▶ _HOW TO COMPLETE THIS TASK_
Look below for the line containing "Alternate Image 1" and the line containing "Sports and fitness app development", then set down both and every line between them exactly, without pictures.

(DATA RECORDS)

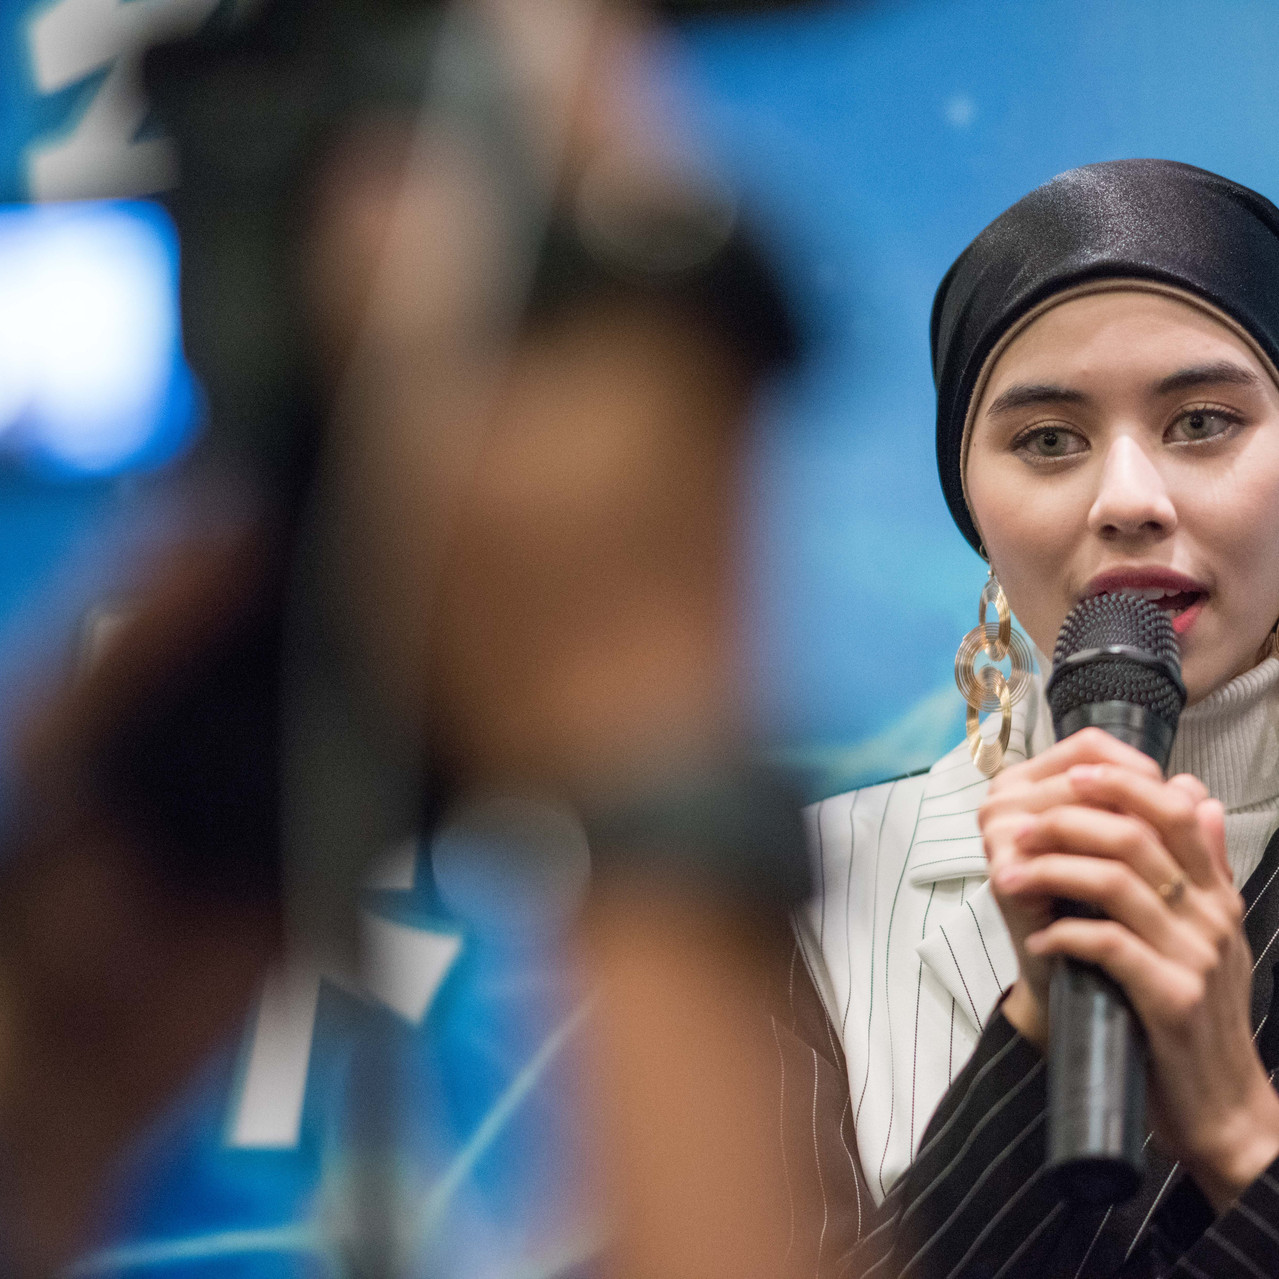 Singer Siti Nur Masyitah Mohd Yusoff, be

(End DATA RECORDS)
(DATA RECORDS)

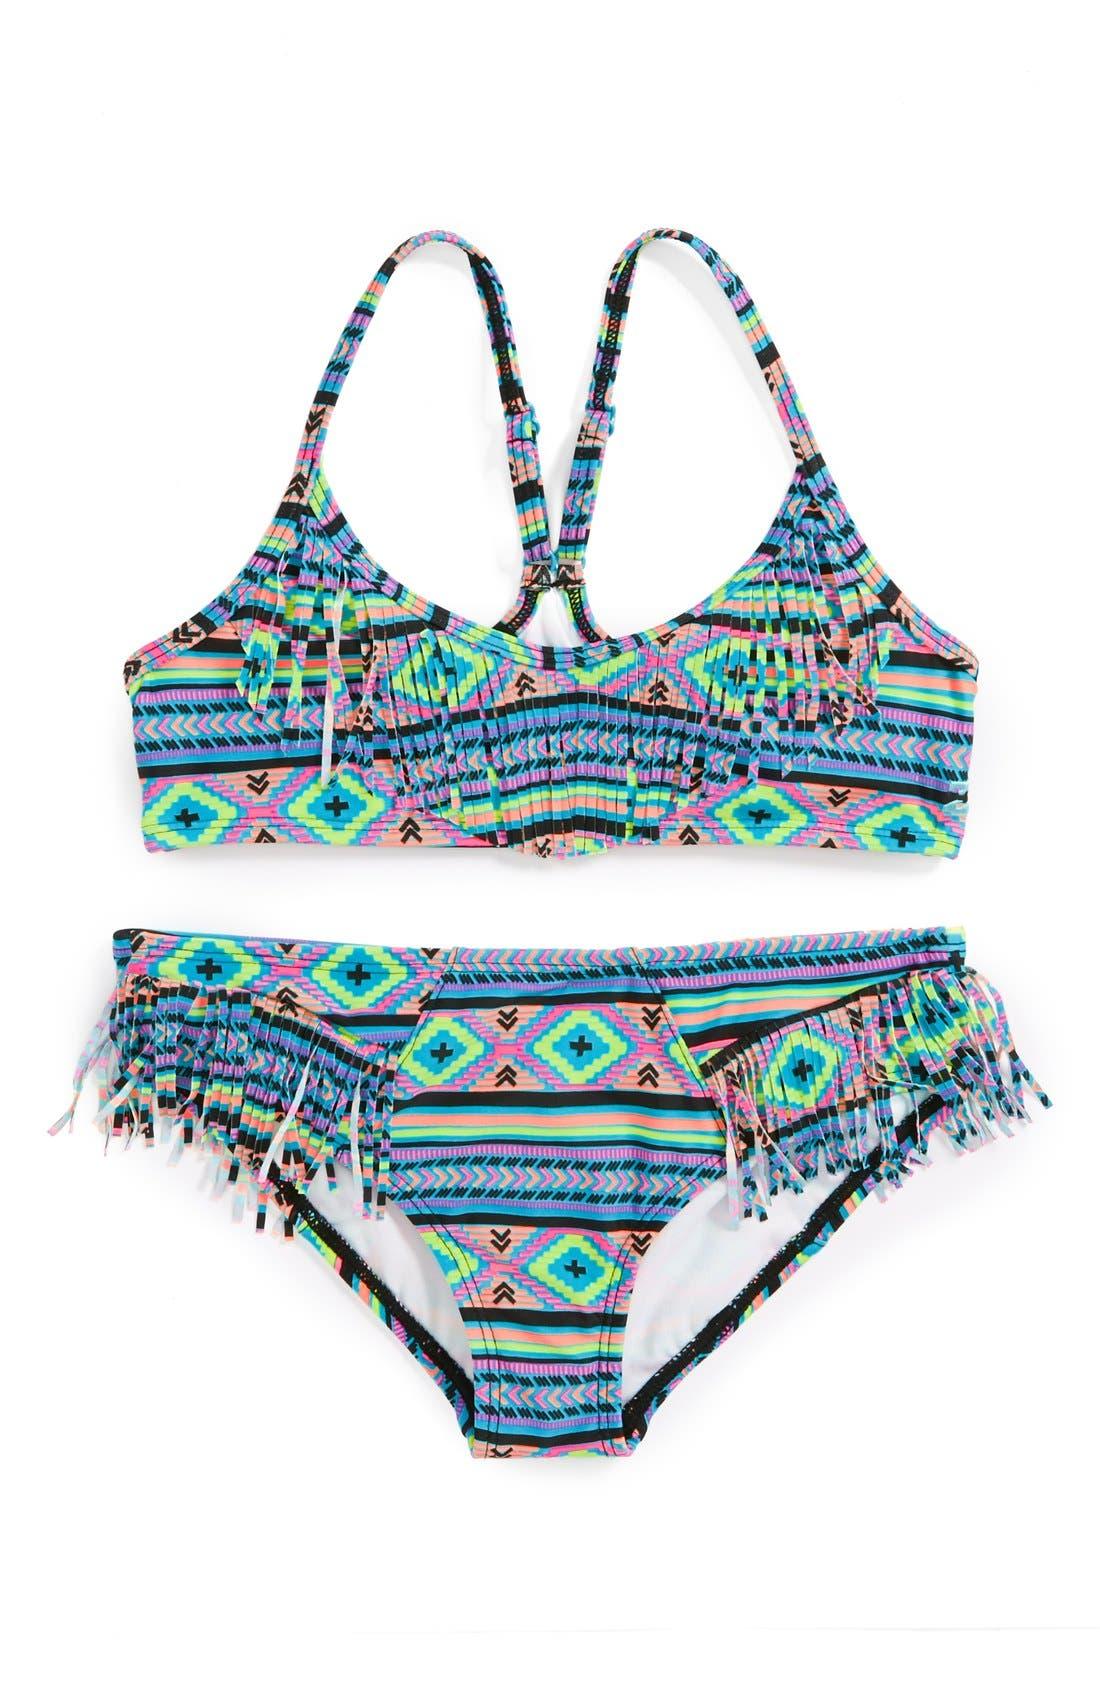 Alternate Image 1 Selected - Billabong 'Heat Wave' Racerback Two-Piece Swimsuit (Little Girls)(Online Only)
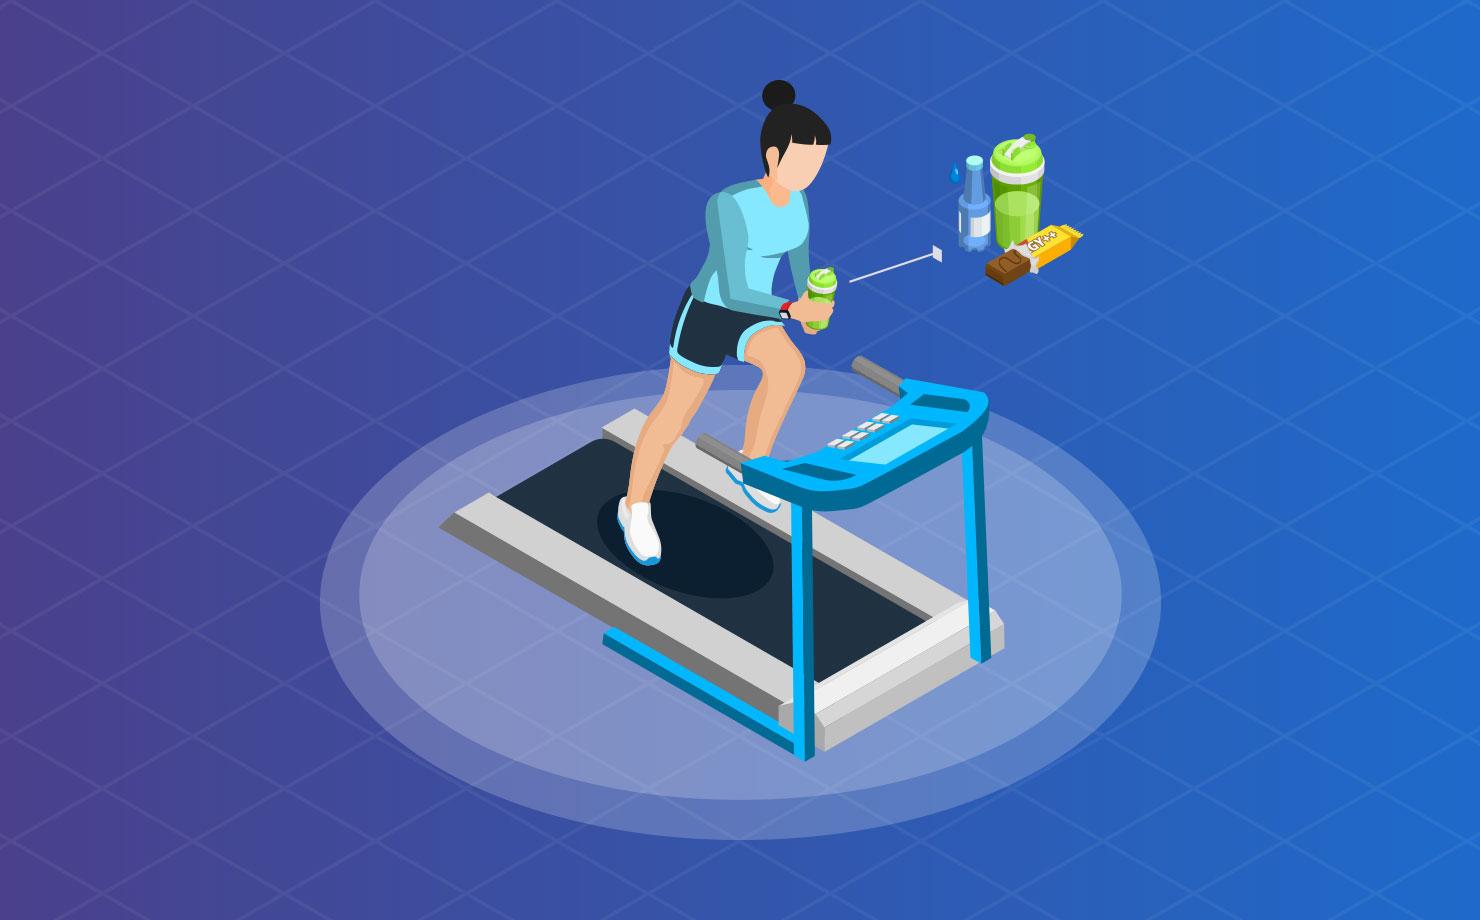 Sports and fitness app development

(End DATA RECORDS)
(DATA RECORDS)

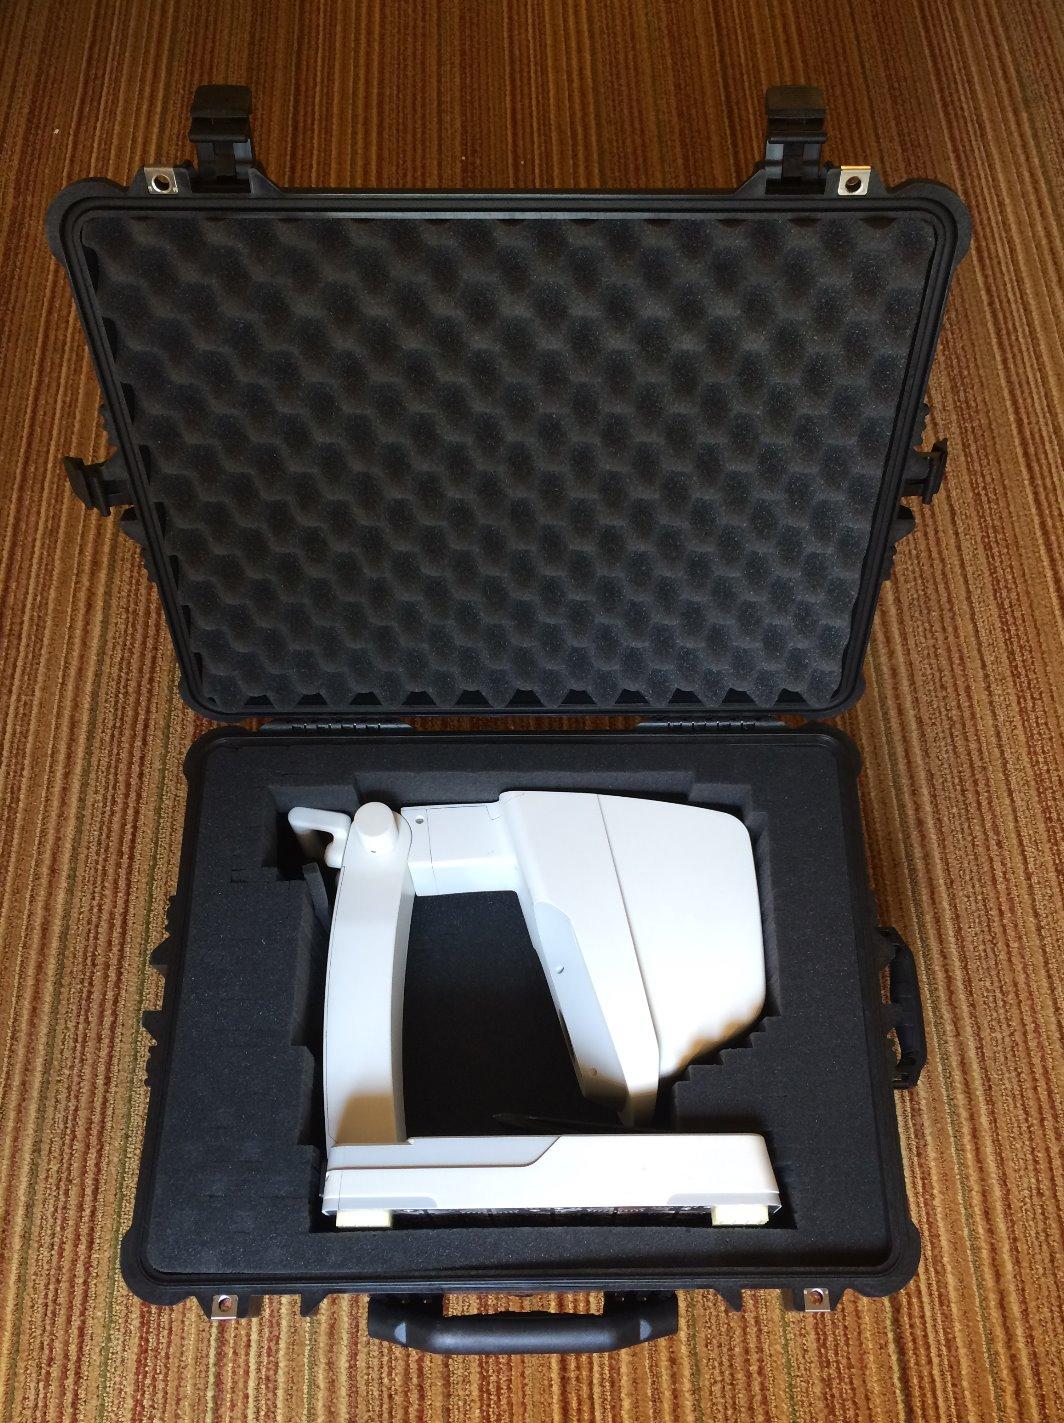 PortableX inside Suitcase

(End DATA RECORDS)

▶ _EXPECTED OUTPUT_
 Alternate Image 1 Selected - Billabong 'Heat Wave' Racerback Two-Piece Swimsuit (Little Girls)(Online Only)
 Sports and fitness app development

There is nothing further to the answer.